Tell us about the inspiration for Fracture.
Fracture was originally conceived as a 30-player field game called DiverCity, a kind of live action cellular automata game. Jeanie and I had been working on it and had been having a hard time getting enough people to playtest it. It was based on research that shows that people in cities will self-segregate, choosing to move closer to people like them. I thought it would be fun to make a game where the goal was just the opposite…to surround yourself with difference. In the original game, players were supposed to be wearing hats that looked like buildings in different colors (hence the word play DiverCity). They would start segregated, and then try to integrate based on simple movement rules.
Since Blinks was also based on cellular automata, it seemed like the game might translate well onto the platform. So that was the seed of the idea we took to Jonathan.
What about the the design process itself, what was that like?
I really want to write a paper with him at some point about the process, which was really fun and interesting. It started with them showing us the tiles, and giving us a description of what they did functionally. We then grilled them to find out the range of affordances of the system. We described the game mechanics and worked out together how to translate them into a Blinks game. Then we did some some rapid prototyping iteration, which was really great because it allowed us to engage with the physical affordances of the system.
One thing that struck me…with eBee the tiles are affixed to the substrate with Velcro but the thing with Blinks is that due to the magnets, you can’t really pull a tile from the CENTER of the board. However, you can do this other cool thing which is break off whole chunks of the board and reorient them. What ends up happening, then, is that you aren’t just moving your own pieces, but taking other people’s pieces along for the ride. So you can mess up or help other players, and the game becomes very complex because you can also mess up yourself if you’re not careful. The original idea was to make it a CoOp game but when Jonathan and his team iterated, they made it more competitive, which was fine. But I’m kind of a care bear player so I added back in a goal that if ALL the pieces were happy (i.e., surrounded by different color tiles) then all players win.

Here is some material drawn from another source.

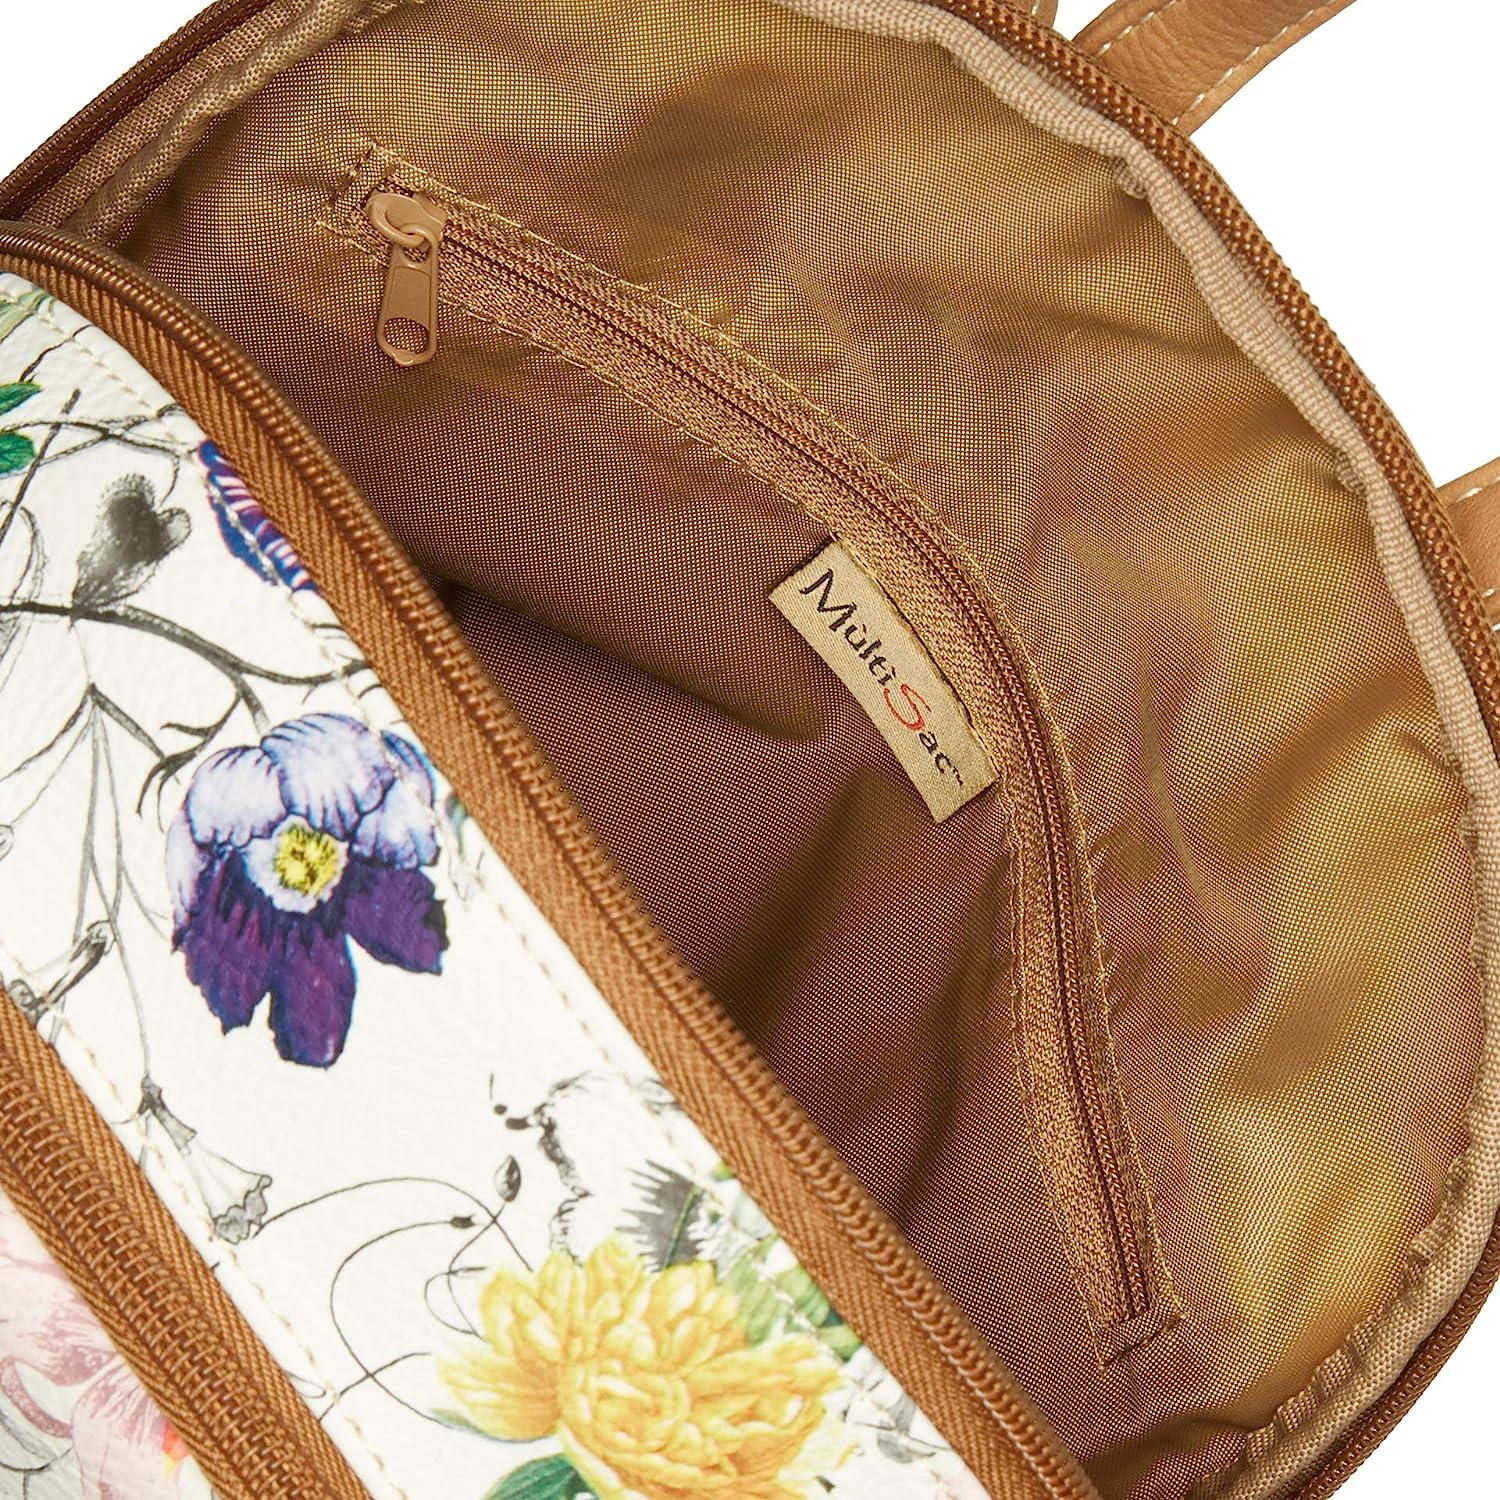 MultiSac, Bags, Multisac Adele Backpack

I also want to say that this is my favorite way to work. I love working on platforms that are new and kind of untapped. I find it a really fun creative challenge to work with constraints. And Blinks are particularly interesting because they have constraints that are both digital and physical. They have some very simple affordances, but they can lead to really complex outcomes.
What do you hope people take away from Fracture?
In terms of what I want people to take away, despite its simplicity, Fracture is a very political game. I think what Blinks are particularly good at is modeling or creating abstract simulations of systems. So if you want to tell a story about system dynamics, it’s a very powerful platform to work with. I’m working on a couple of other new ideas with the platform. It was a real thrill to see what people came up with at the Blinks Game Jam at IndieCade East, where I was a judge. The games were really amazing. I can’t wait to see what other designers come up with.